John P. Diuguid, Joel M. Savits and Carr, Bonner, O'Connell, Kaplan, Thompson & Diuguid, Rockville, Md., for plaintiff.

George Beall, U. S. Atty., D. Md., Michael E. Marr, Asst. U. S. Atty., Richard F. Mitchell, Trial Atty., Tax Div., Dept. of Justice, and John Mullenholz, Dept. of Justice, for defendant.

NORTHROP, Chief Judge.

Invoking the jurisdiction of this Court pursuant to 26 U.S.C. § 7426 and 28 U. S.C. § 1346(e), plaintiff, Jane C. Rosenbaum, *873 seeks to enjoin collection of a jeopardy assessment made against her by the District Director of the Internal Revenue Service and to have federal tax liens withdrawn from her property. Defendant has filed a motion to dismiss, asserting a lack of jurisdiction in this Court to award the relief prayed.

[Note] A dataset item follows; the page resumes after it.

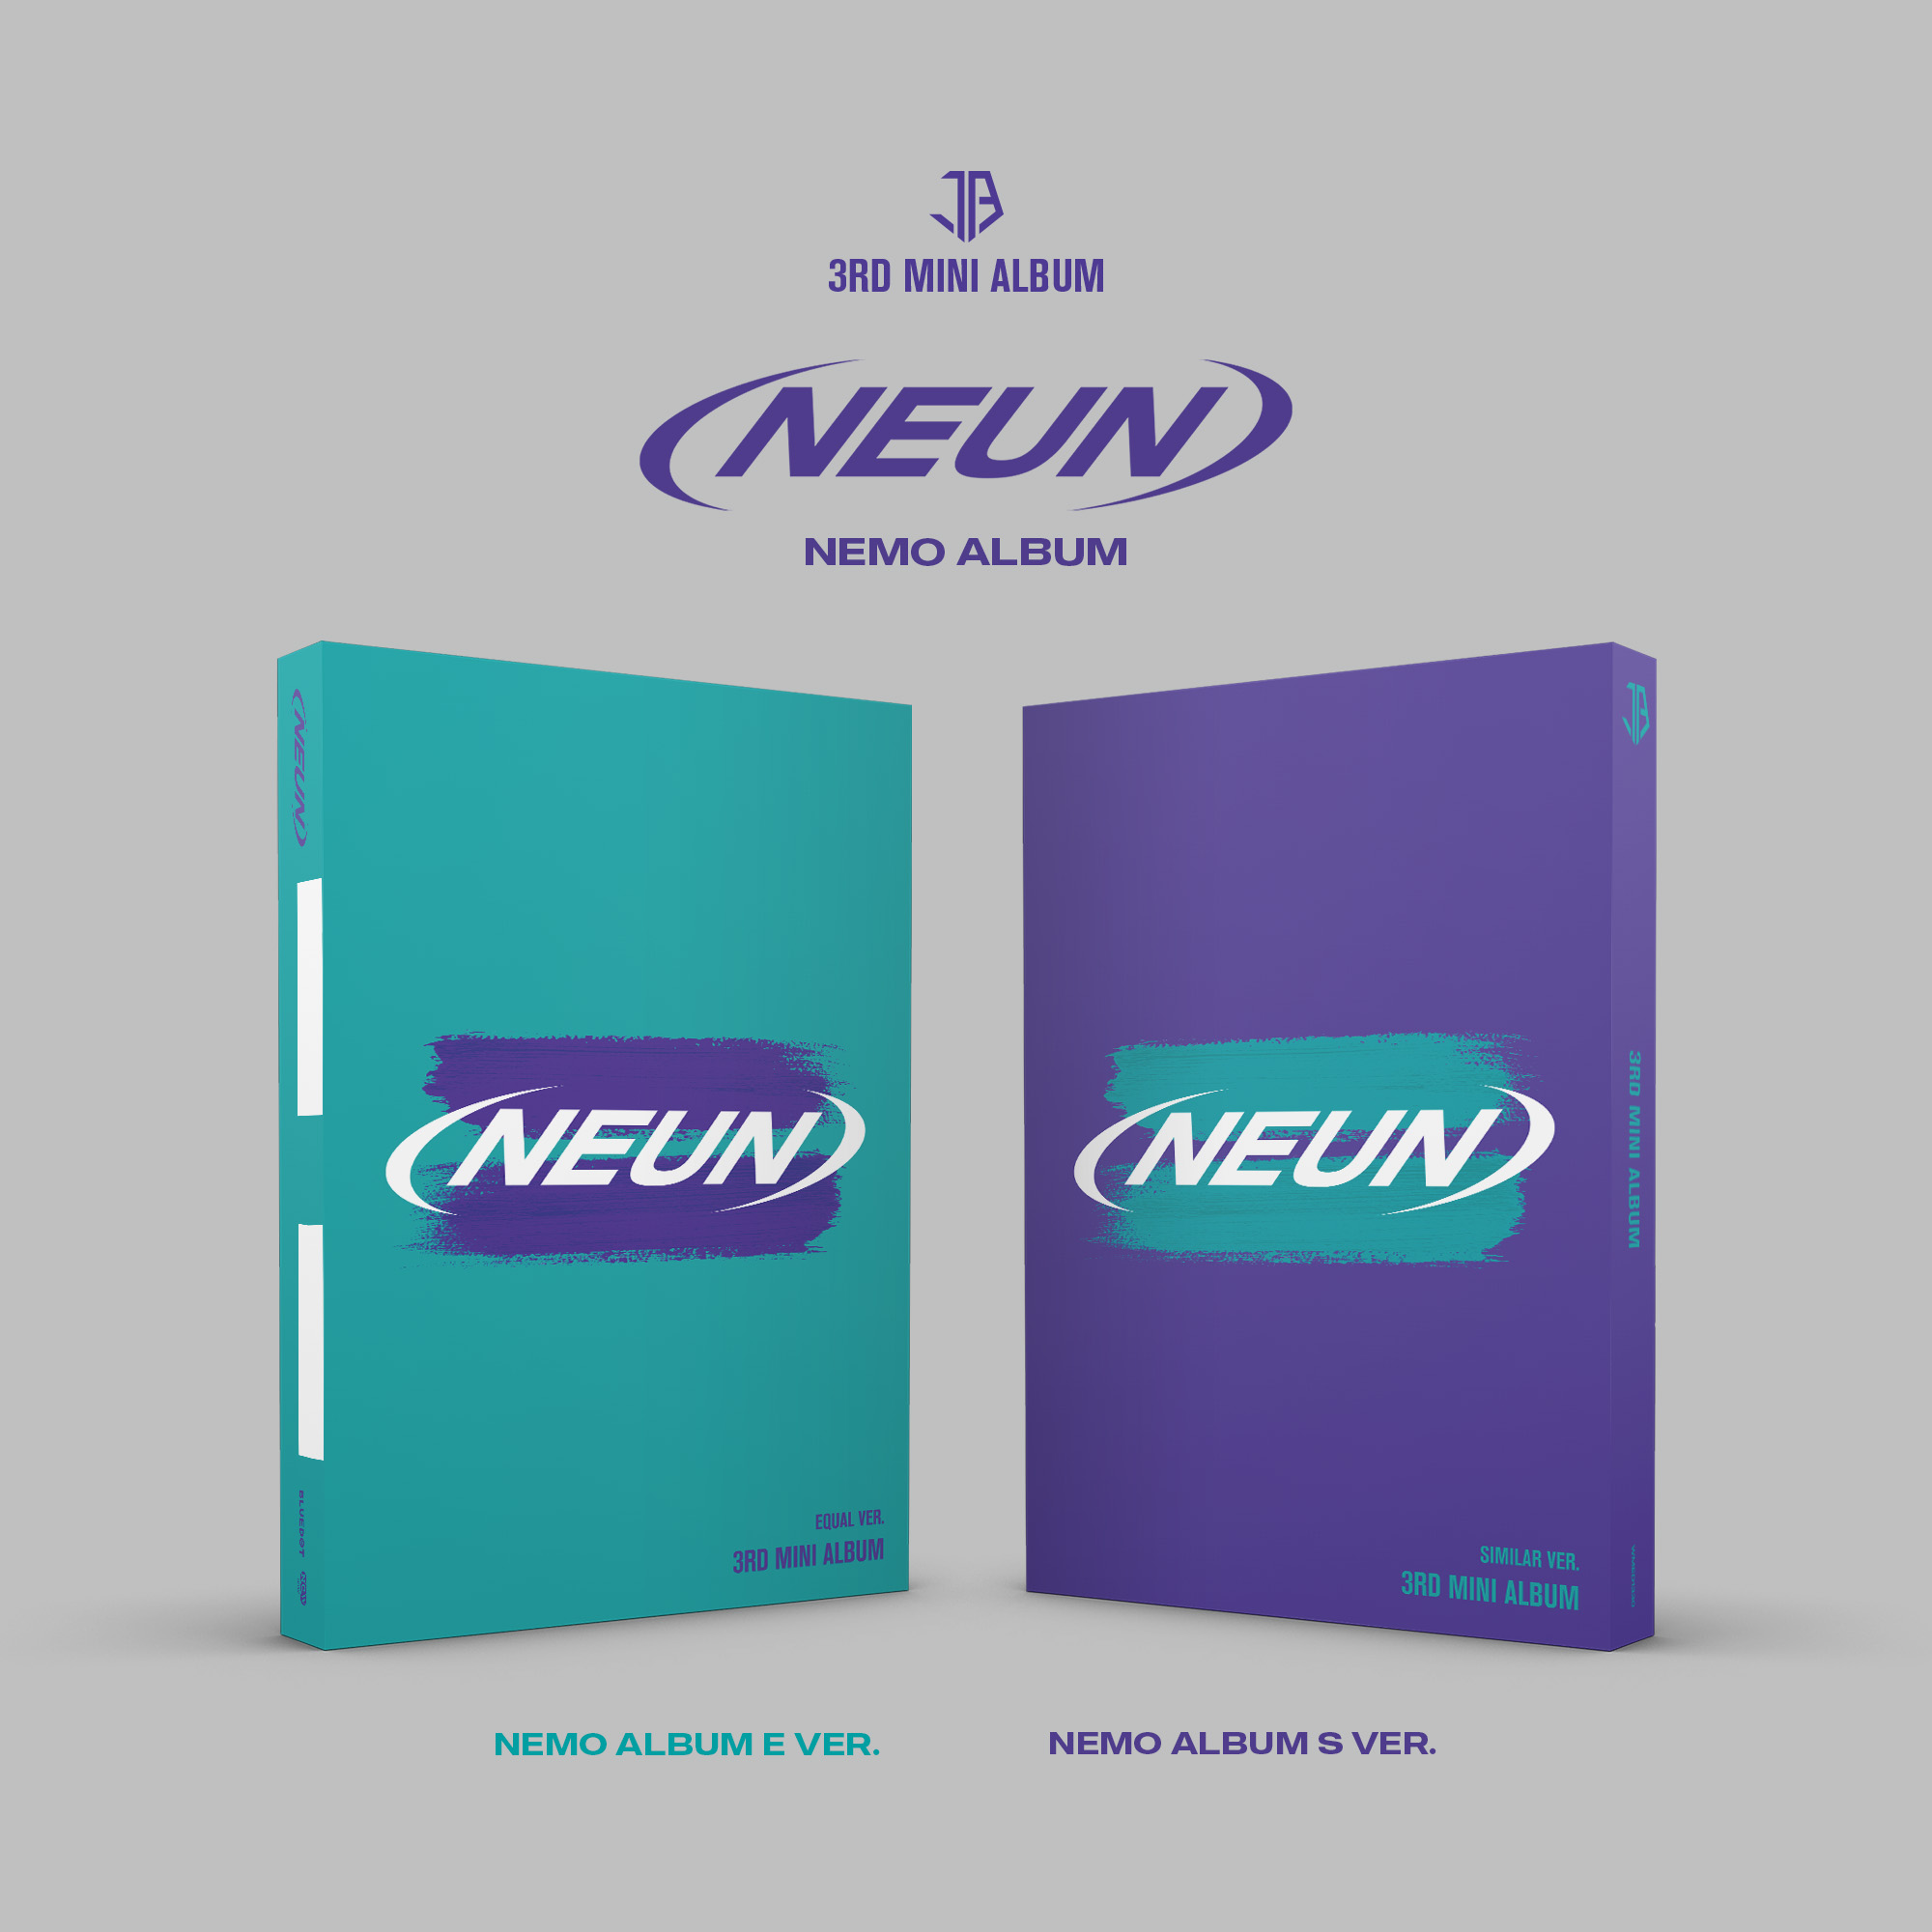 [全款 裸专] [2CD 套装] JUST B - 迷你3辑 [= (NEUN)] (Nemo Album E ver. + Nemo Album S ver.)_Iridescent彩虹站
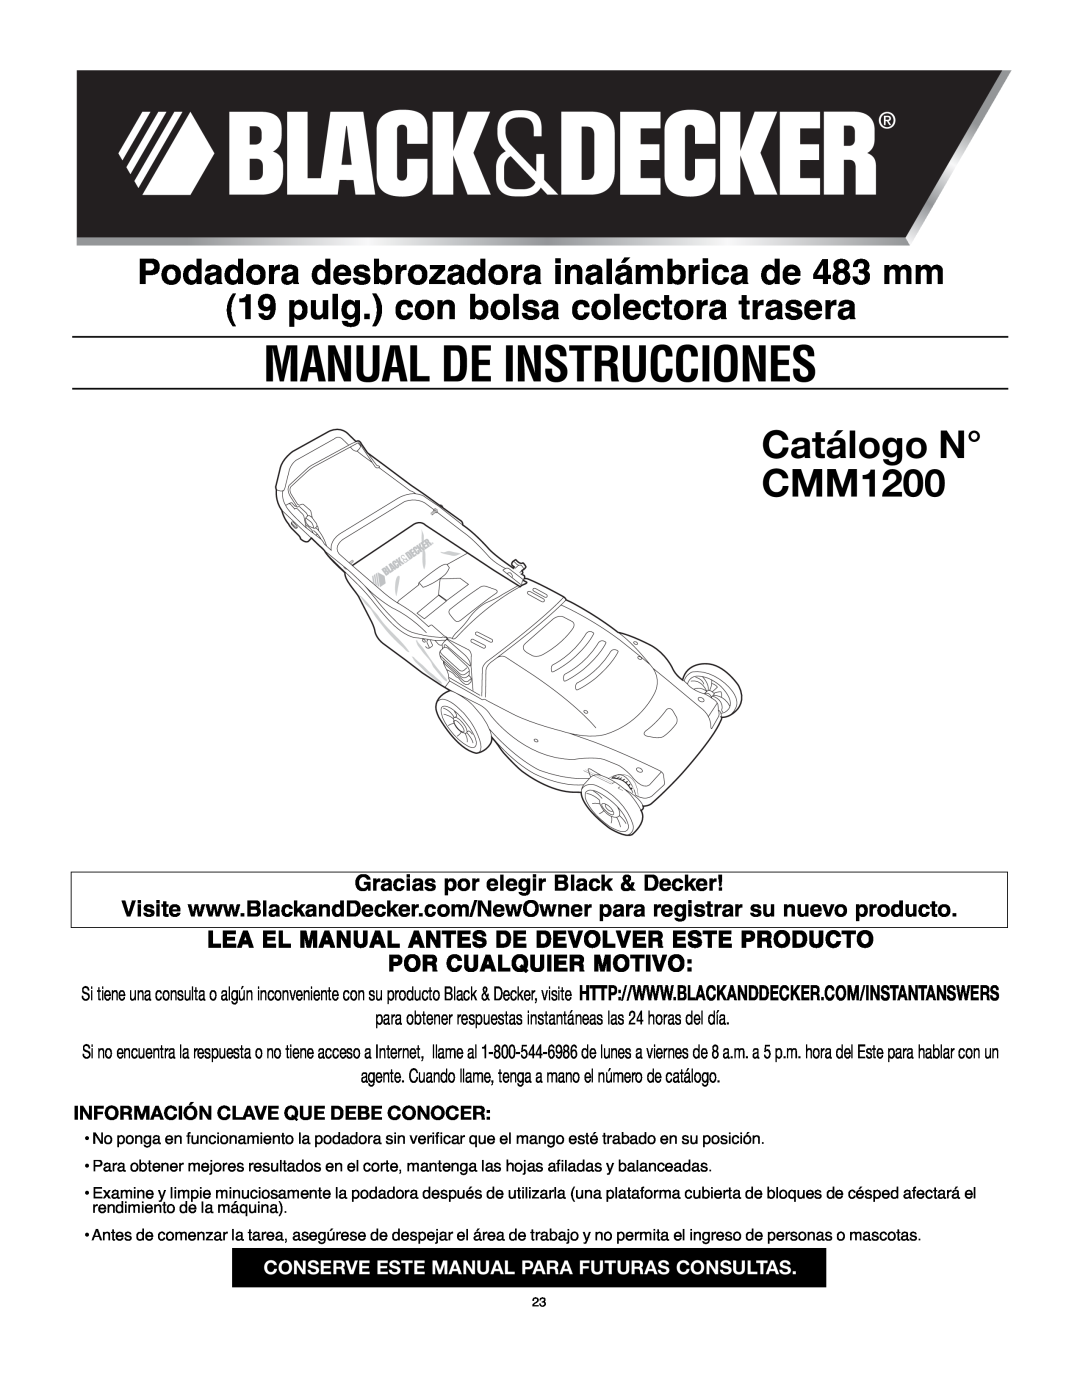 Black & Decker 90541667 Manual De Instrucciones, Catálogo N CMM1200, Podadora desbrozadora inalámbrica de 483 mm

The facts, as recited in the pleadings, are as follows: In 1969, plaintiff's husband pled guilty to nine counts of conspiracy to defraud the Government, as a result of which he is presently serving a term of imprisonment in a federal institution. On February 7, 1972, the Internal Revenue Service, evidently feeling that Rosenbaum had made a substantial sum of money from these illegal activities which went unreported on his annual returns, made a jeopardy assessment against the plaintiff for alleged deficiencies in the years 1963 to 1967, so that federal tax liens attach to property solely owned by the plaintiff. In each such year plaintiff and her husband had filed joint returns. The statutory notice of deficiency was sent to plaintiff on April 3, 1972, excluding her from fraud penalties pursuant to § 6653(b) of the Code. Plaintiff then filed this suit in which she asserts that she falls within the "innocent spouse" exception of § 6013 (e). Coupled with the great harm she is suffering in being denied the means with which to support both herself and her three children, she claims entitlement to a removing of these levies.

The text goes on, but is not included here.